Employers Provide Health Insurance Benefits for Practical, Not Ethical, Reasons Study Finds

Exploring employer attitudes and practices affecting employee health care coverage

In 2001–02, the Employee Benefit Research Institute conducted a study of employer attitudes and practices concerning employer-sponsored health benefits and the uninsured.

The Employee Benefit Research Institute is a Washington-based organization that conducts research and education on economic security and employee benefits issues.

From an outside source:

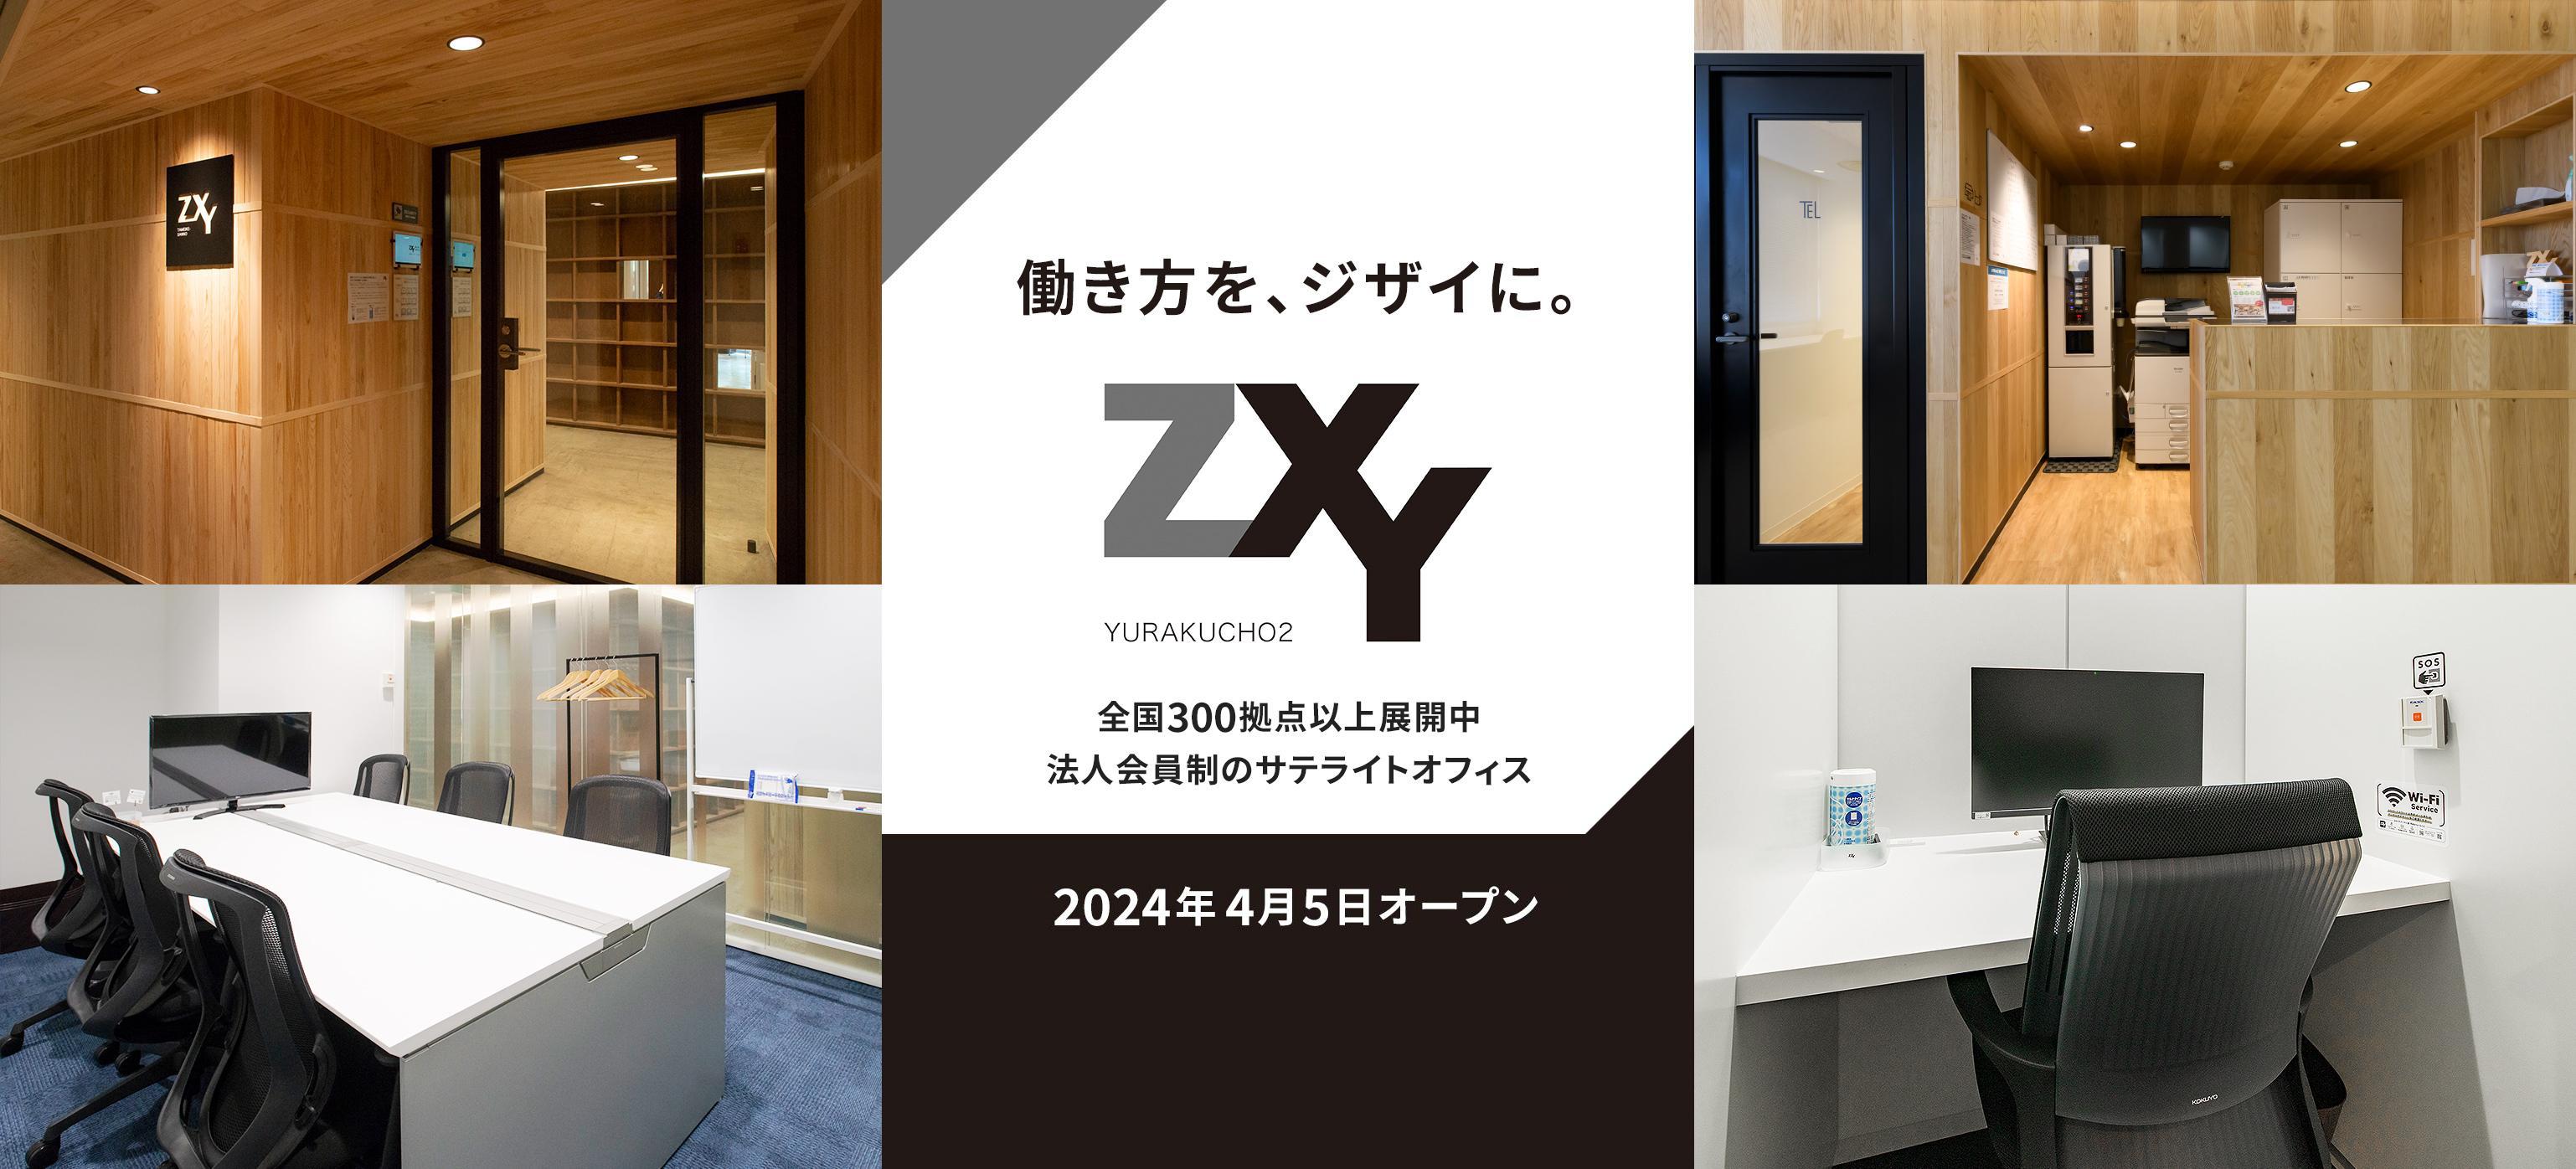 働き方を、ジザイに。全国300拠点以上展開中 法人会員制のサテライトオフィス「ZXY」2024年4月5日オープン

Institute staff conducted a literature review, a Web-based survey that drew responses from 815 employers and four half-day focus group meetings with 48 employer representatives.

Key Findings

Major findings, published in an issue brief, Employer Attitudes and Practices Affecting Health Benefits and the Uninsured, included:

  • Employers provide health benefits primarily to attract and retain the best workers possible and thereby maximize productivity.
  • Many large employers still try to cover all or most of their full-time workers, but double-digit cost increases in recent years have prompted many to make changes.
  • The fact that firms offer coverage as part of their competition for labor cuts both ways in its impact on aggregate health coverage levels.
  • Some employers realize that passing along greater costs to workers may cause low-wage workers to forgo coverage.
  • Employers typically do not think about the issue of providing coverage for more of the uninsured.
  • Because employers themselves do not perceive covering the uninsured as a priority, business organizations representing them also do not focus on this issue.

Funding

The Robert Wood Johnson Foundation (RWJF) provided a grant of $113,060 to conduct the study, as a step toward helping more employers offer coverage and to encourage employees to participate in employer-based plans.